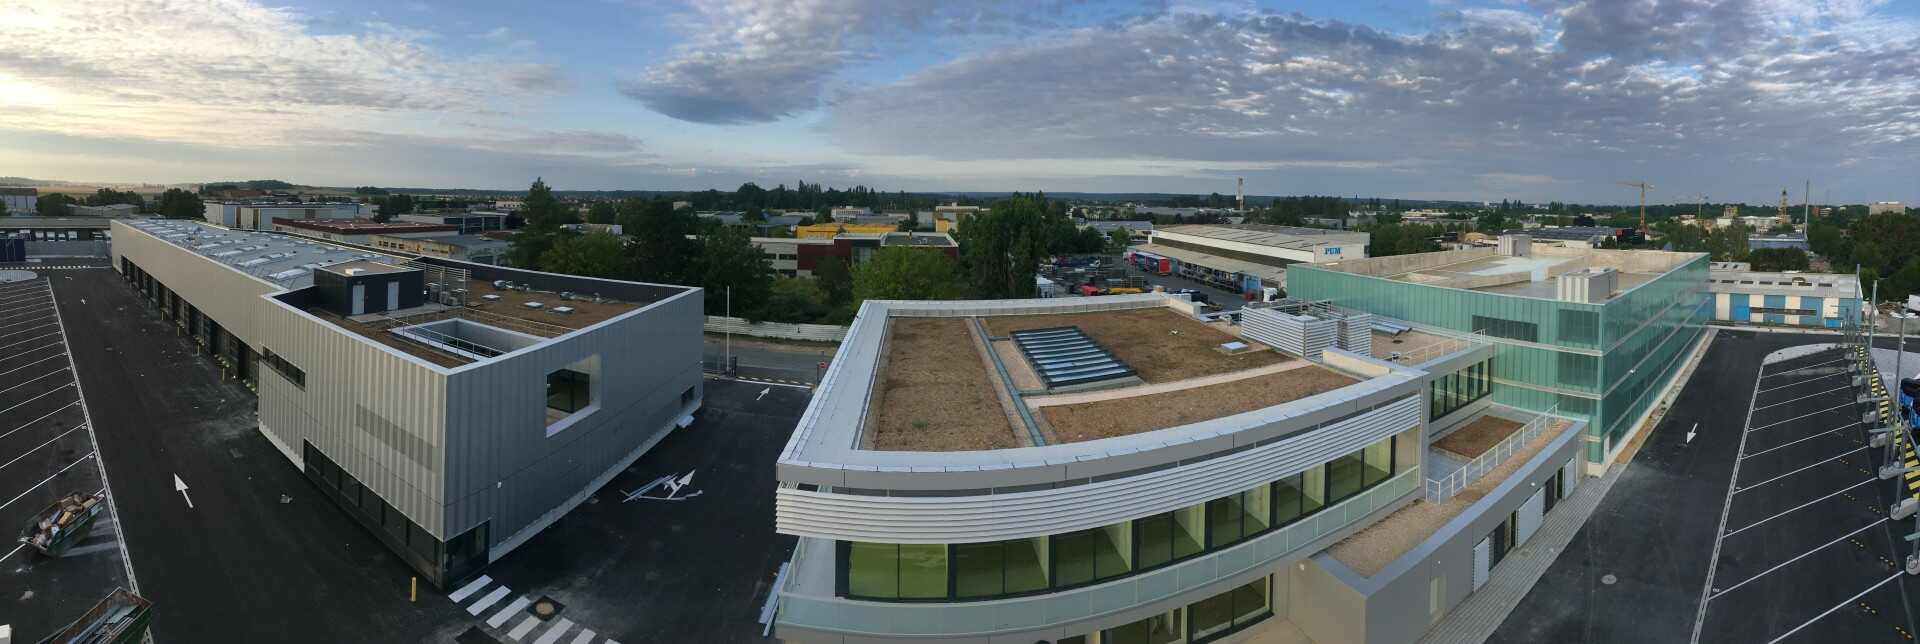 Vue panoramique des 3 bâtiments du dépôt de bus de Vaux-le-Pénil
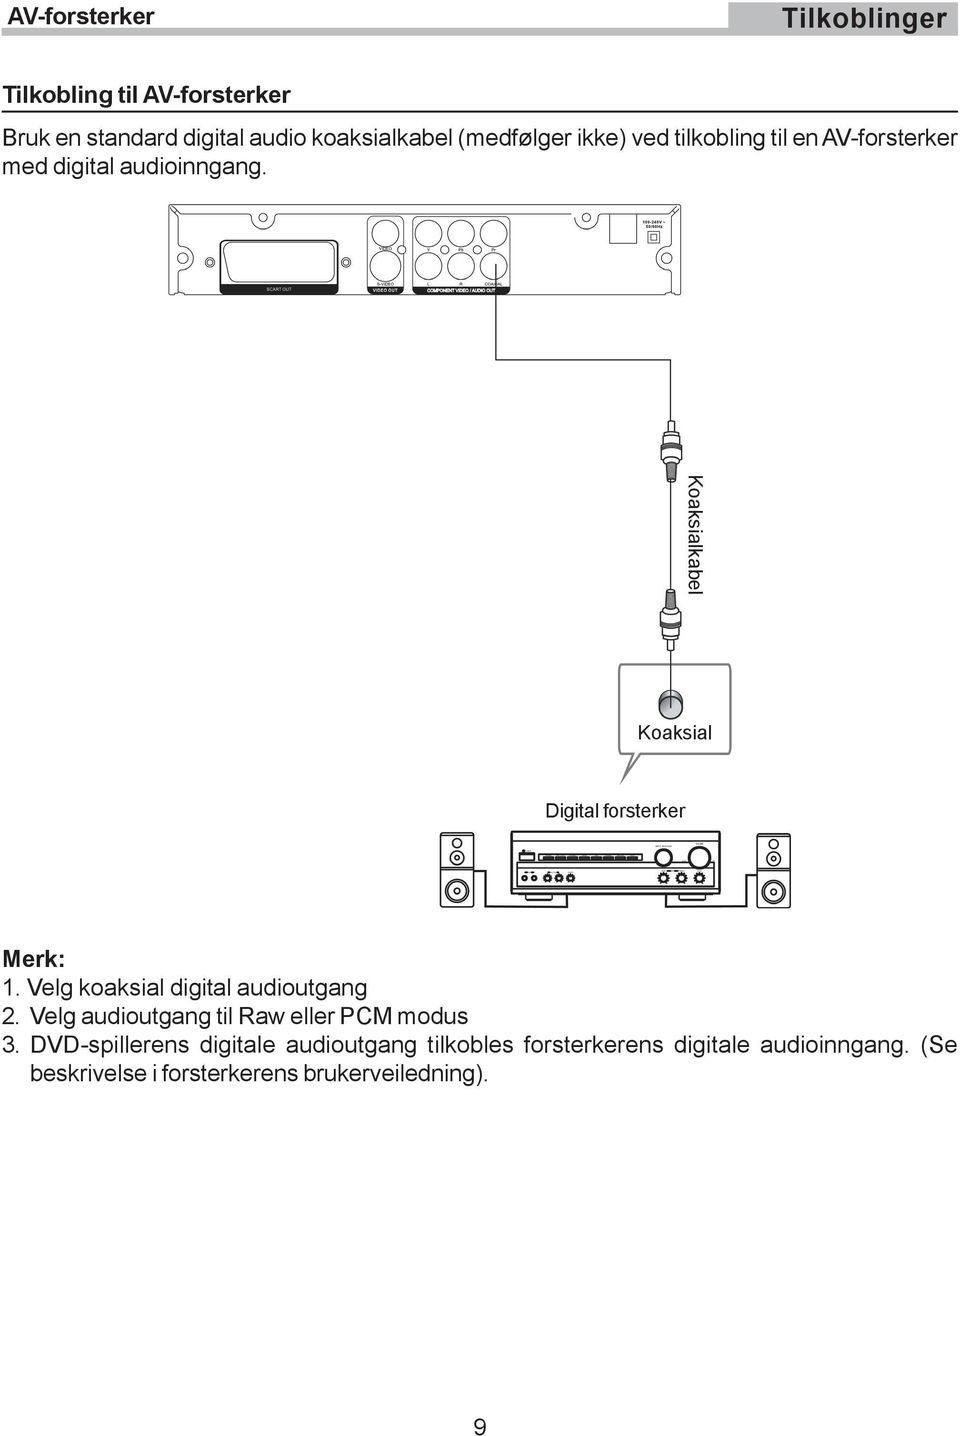 Koaksialkabel Koaksial Digital forsterker Merk: 1. Velg koaksial digital audioutgang 2.
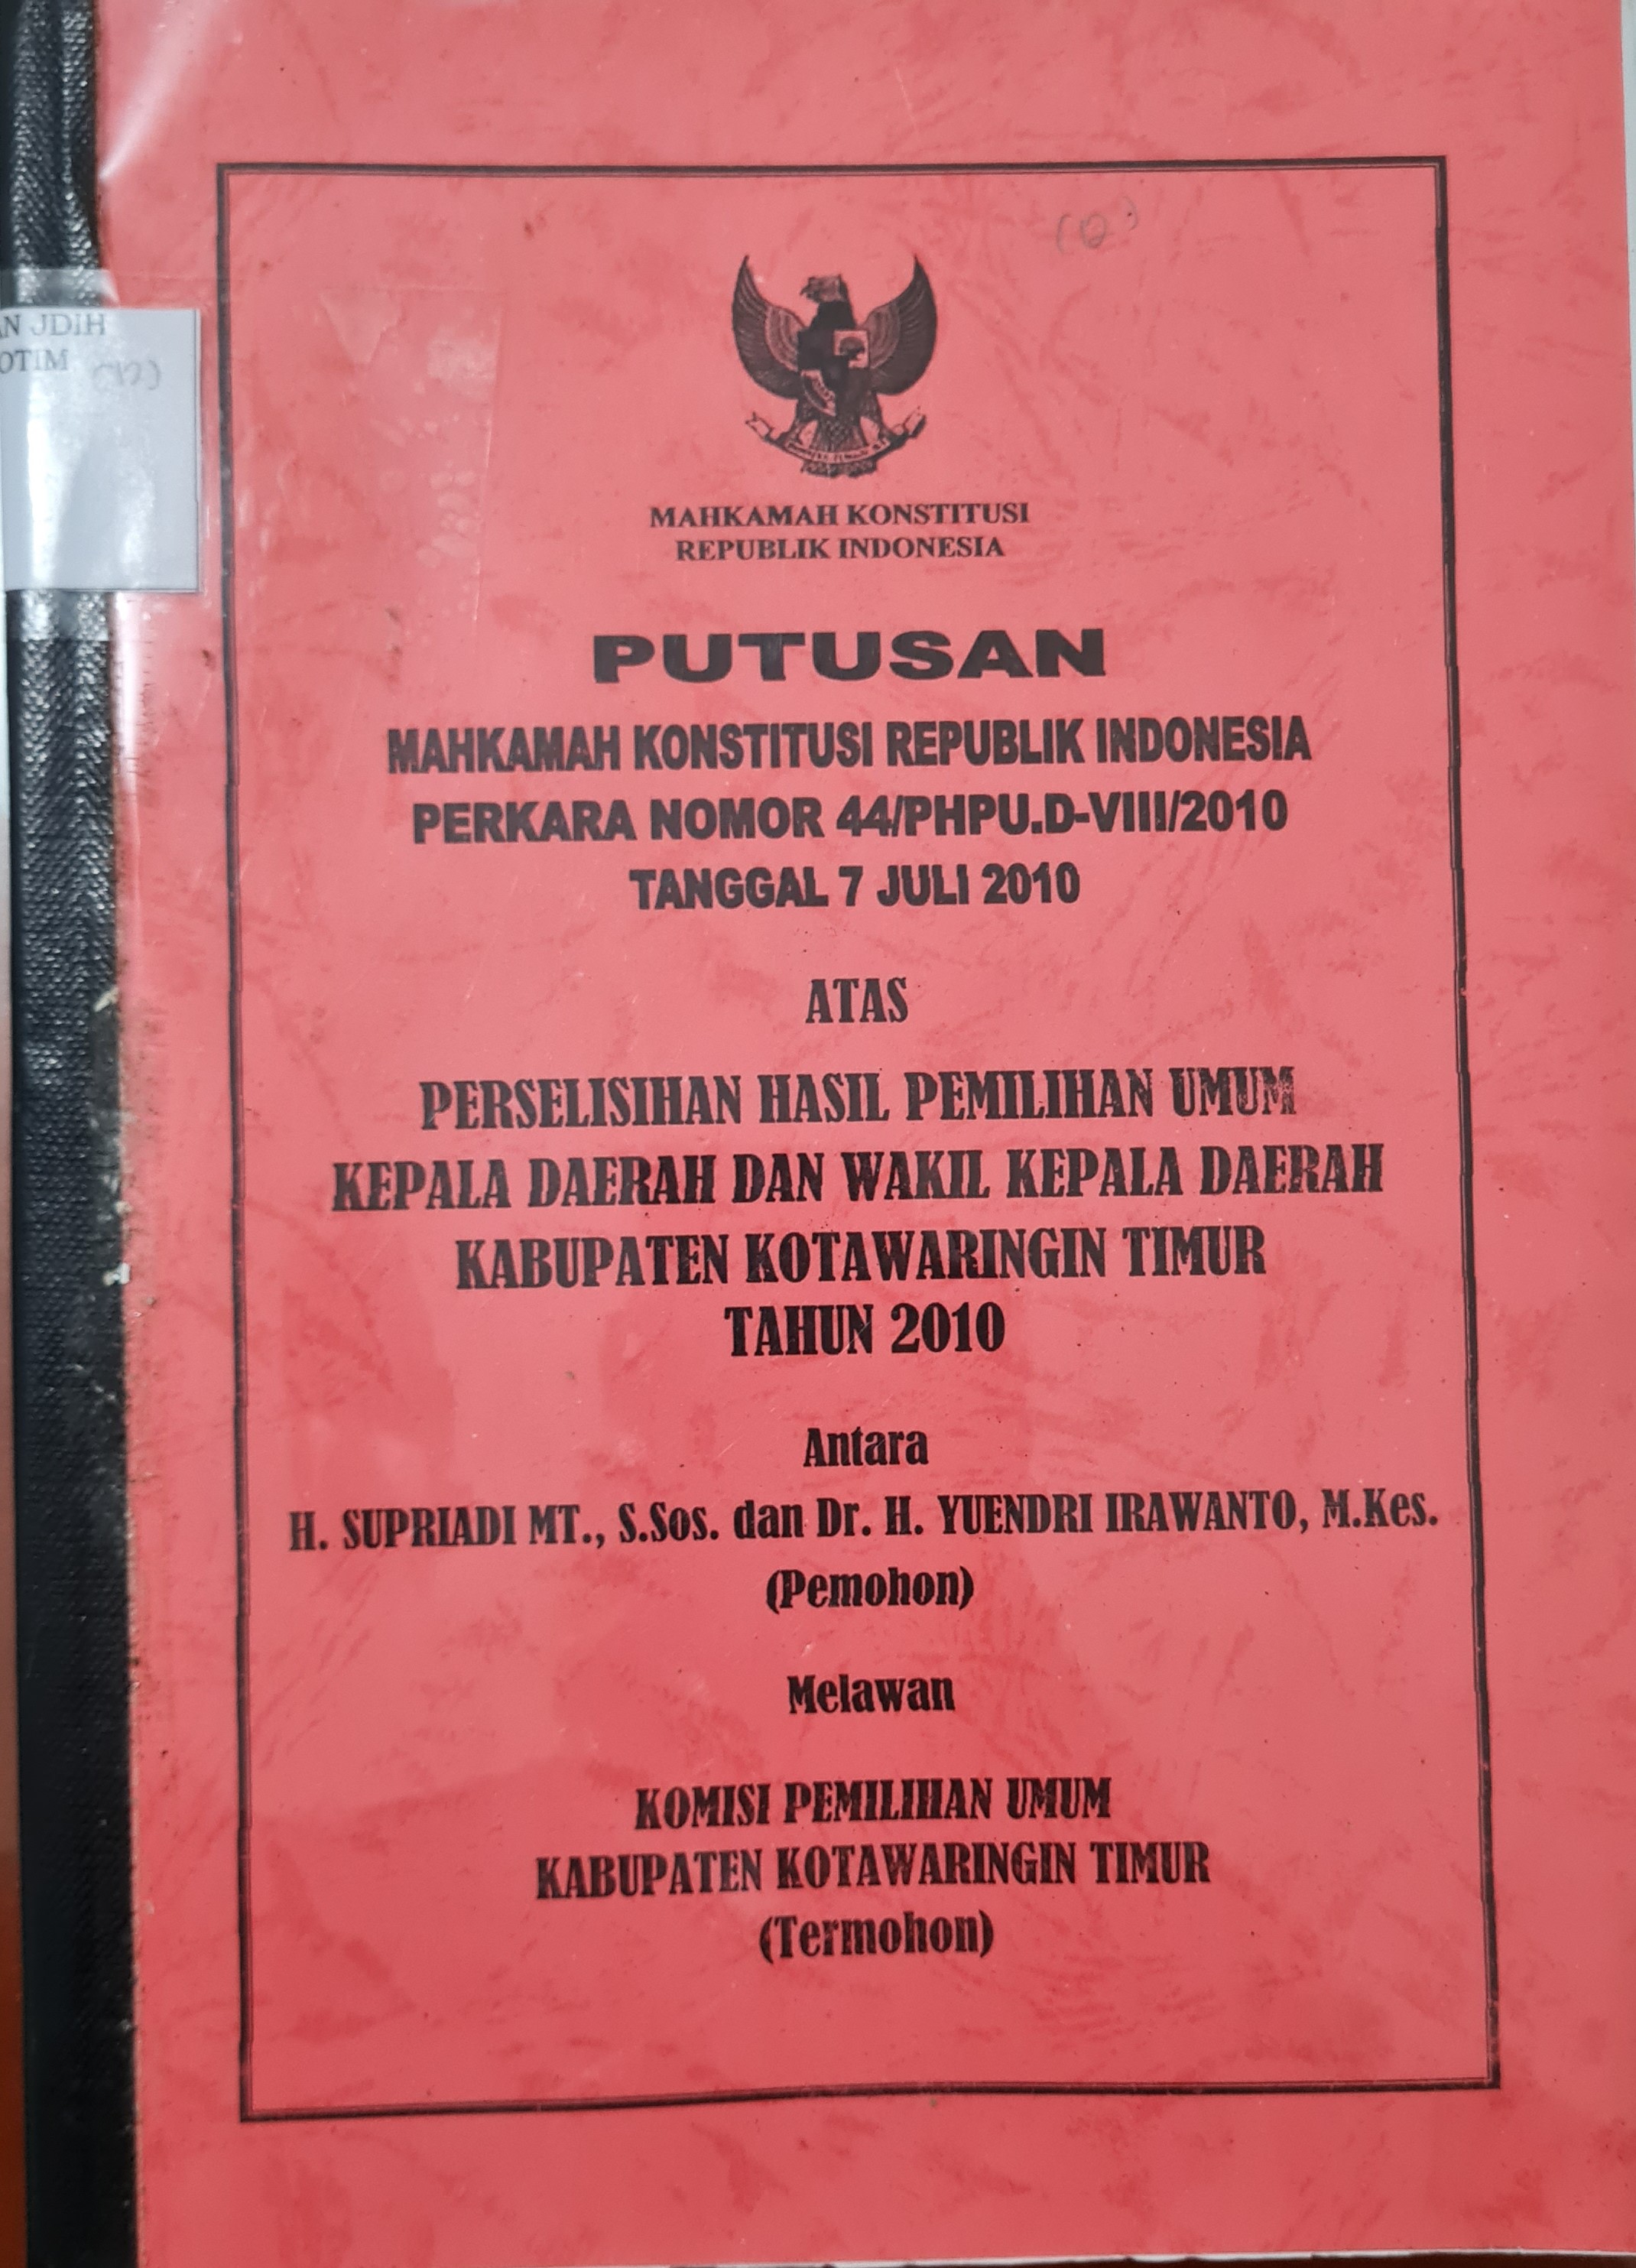 Putusan Mahkamah Konstitusi Republik Indonesia Nomor 44/PHPU.D-VIII/2010

▶ Your task: Write the listing above out again exactly, but not the images it holds.

▶ Solution to the problem:
 Vue panoramique des 3 bâtiments du dépôt de bus de Vaux-le-Pénil
 Koaksialkabel Koaksial Digital forsterker Merk: 1. Velg koaksial digital audioutgang 2.
 Putusan Mahkamah Konstitusi Republik Indonesia Nomor 44/PHPU.D-VIII/2010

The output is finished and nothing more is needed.